About Your School Health Office

Posted by Lisa Flanagan on 4/10/2020

"Nursing care comes in many forms. Sometimes it is the ability to make someone feel physically comfortable by various means.  Other times it is the ability to improve the body’s ability to achieve or maintain health.  But often it is an uncanny yet well-honed knack to see beyond the obvious and address, in some way, the deeper needs of the human soul." ~Donna Wilk Cardillo, A Daybook for Beginning Nurses


Welcome to the Paxson Health Office.   As one of the ~6 registered nurse case managers in the MCPS school district, I have worked at Paxson since 2015.  Prior to becoming a school nurse, I worked for nearly 20 years in a Neonatal Intensive Care Unit, starting as a staff nurse and then joining the Neonatal Transport Team, eventually adding Staff Development Coordinator/Educator, electronic medical record super-user, and shared role as unit manager to my experiences. 

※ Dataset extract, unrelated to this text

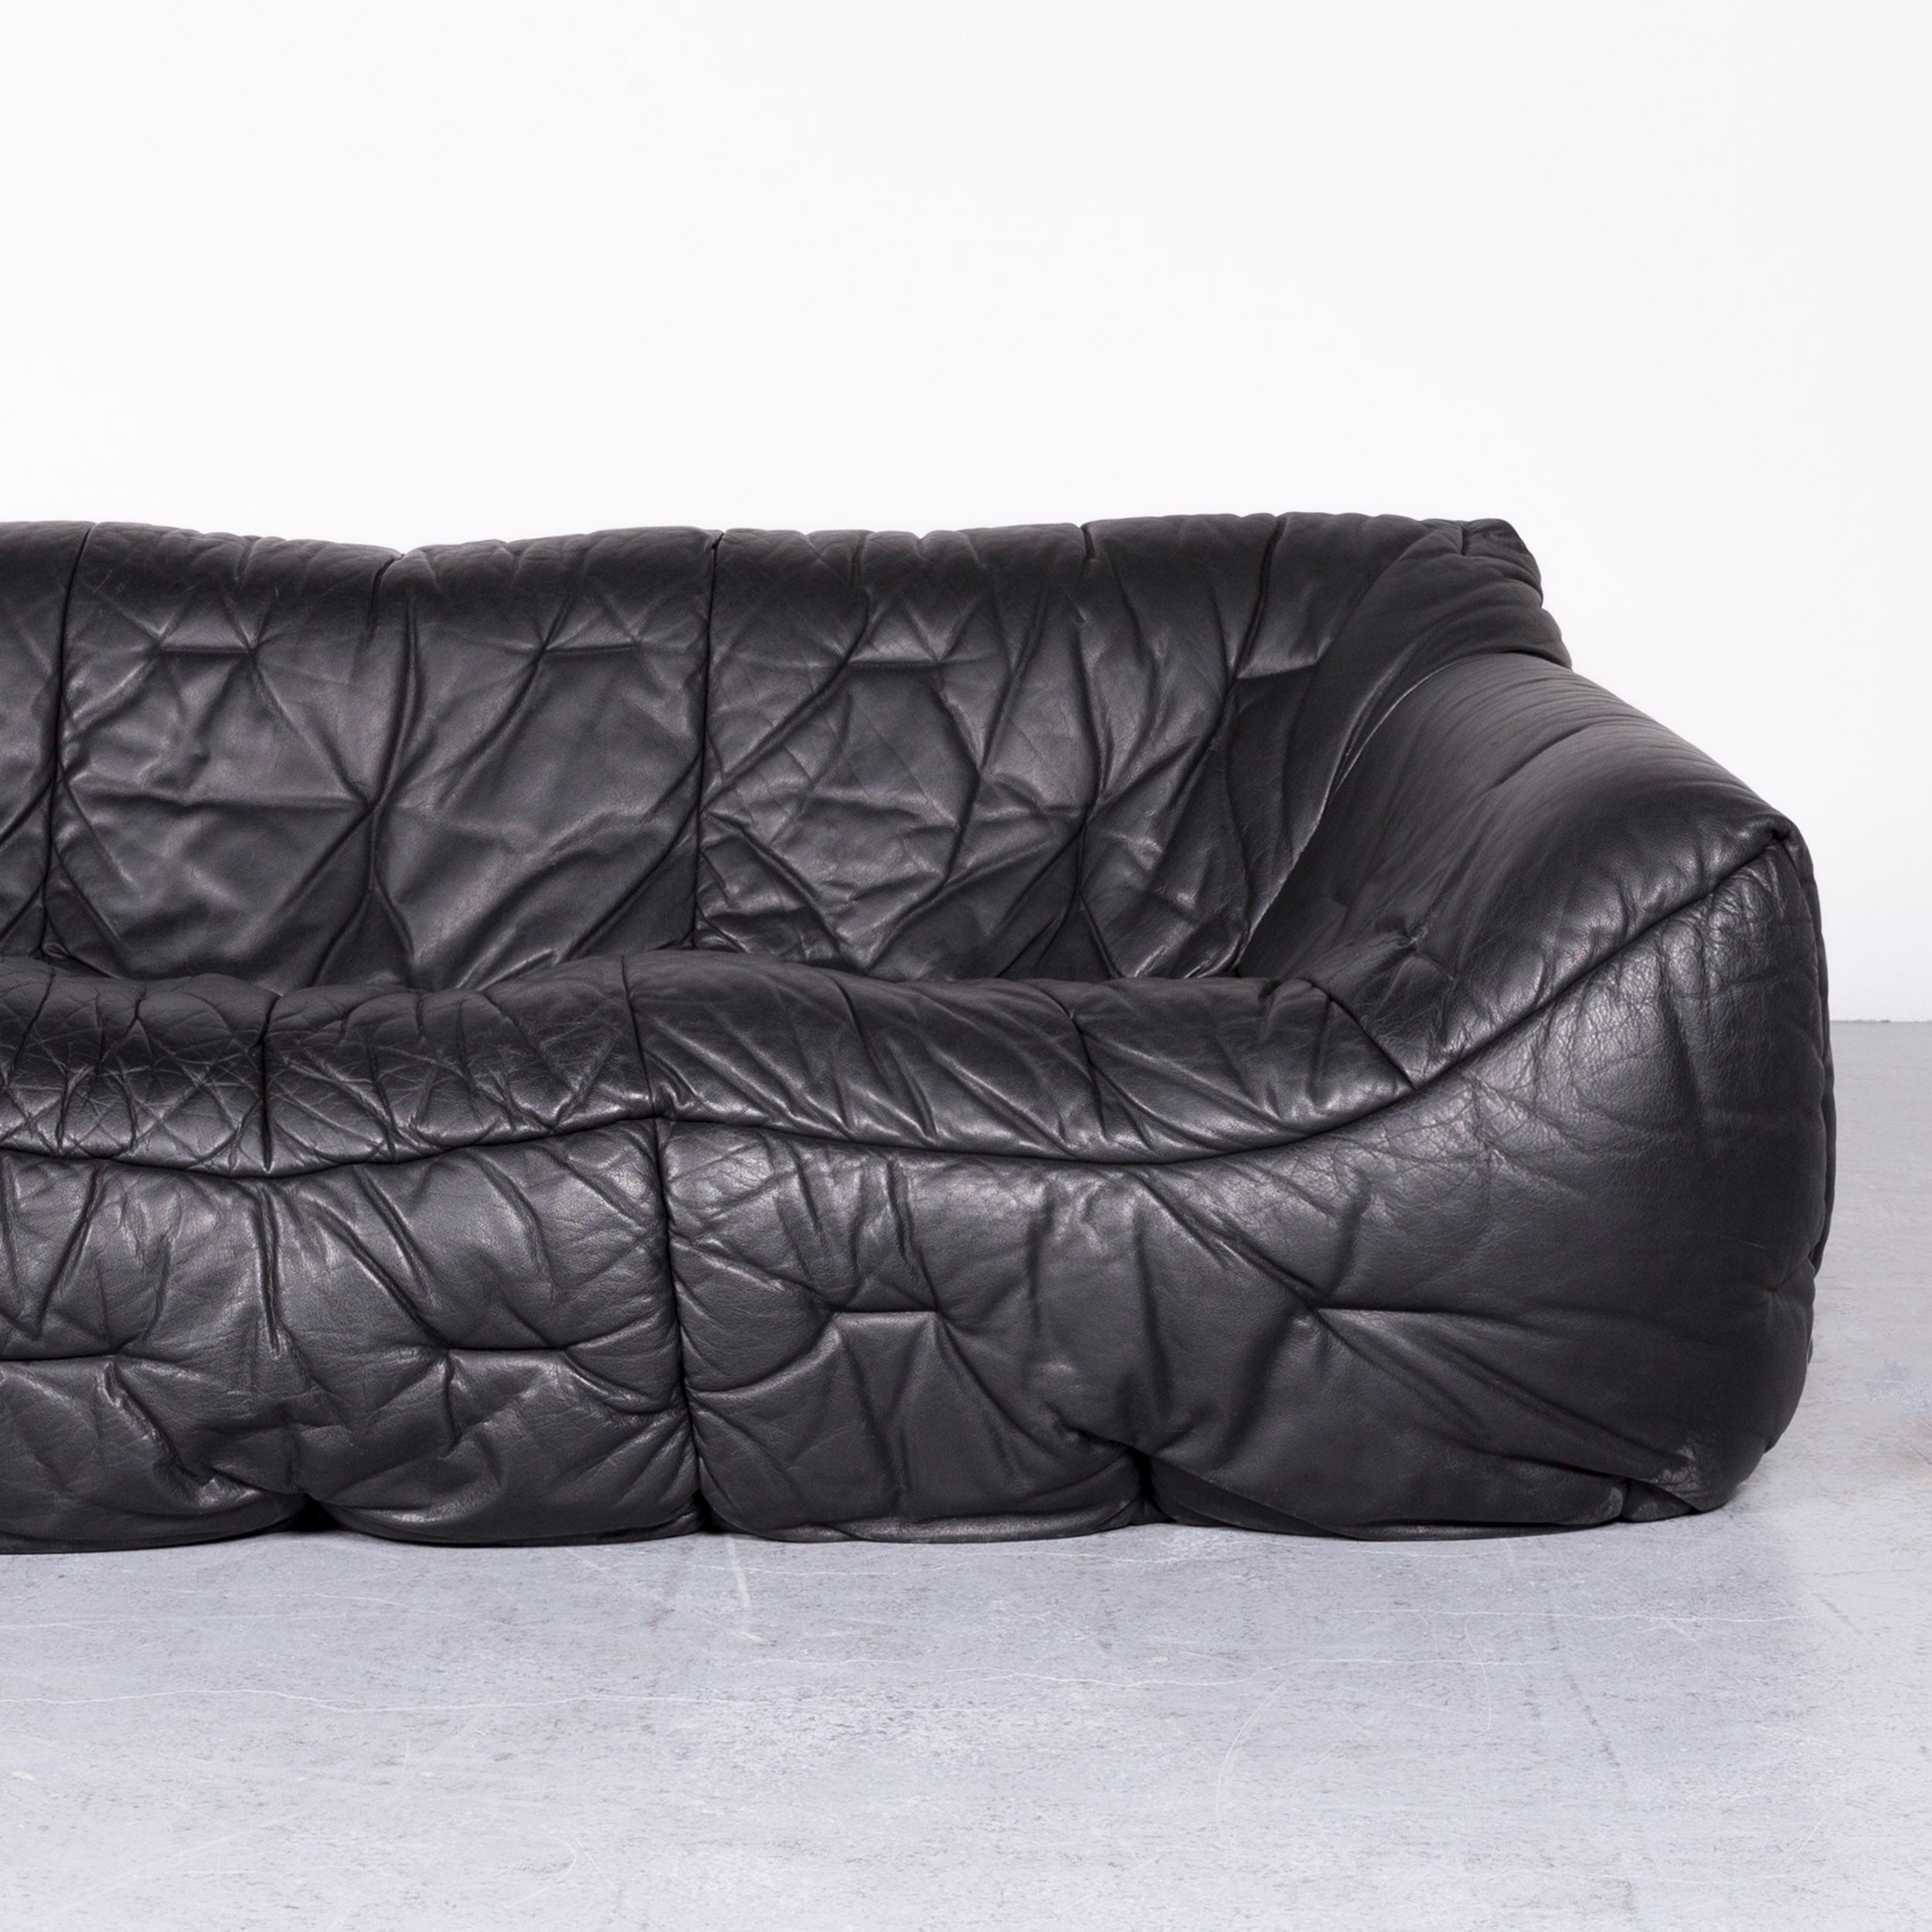 French Roche Bobois Informel Designer Leather Sofa Black Three-Seat Couch

After nearly two decades in the hospital setting it was time to try something new; to be challenged in new ways.   I was fortunate enough to be able to try school nursing and it has been an amazing experience.

So what does a school nurse do?  It is so much more than ice packs, band-aids and lice. 

I serve as a resource person for staff and respond to situations that require additional medical training.  Those situations may be emergent, intermittent, and regularly scheduled.   In addition, I discuss student health concerns with parents and guardians to determine the best course of action to keep the student as safe as possible in the school setting.  That action may include staff communication and training, development of healthcare and emergency plans, student education and team meeting attendance.  First aid continues to be a mainstay in the health office, but as student medical needs have become more complicated, our role is much more complex.  Diabetes, asthma, seizures, TBI's (concussions) and life-threatening allergies are examples of the complexity for which we help families and staff prepare and care for.  Click for more information about school nursing.  

Immunization record review and compliance determination, vision screening, classroom health education, healthcare provider communication, health history review, and maintenance of health records are additional functions the school nurse performs.  Prevention, recognition and education of communicable illnesses are another function, as well as recognizing mental health concerns and referring to appropriate resources. Sometimes we are the first people a student will reach out to and sometimes we are the last resort.  It is extremely important we recognize where that student lies in that continuum and respond accordingly.  This is an enormous responsibility and we take it seriously.  

I share my time between my 3 assigned schools and also provide nursing care at other schools in the district as needed.  This means school staff are often responsible for initial student health concerns and requires we all work as a strong team.  I am deeply grateful for the people I work with every day and their capacity for caring can not be measured in words.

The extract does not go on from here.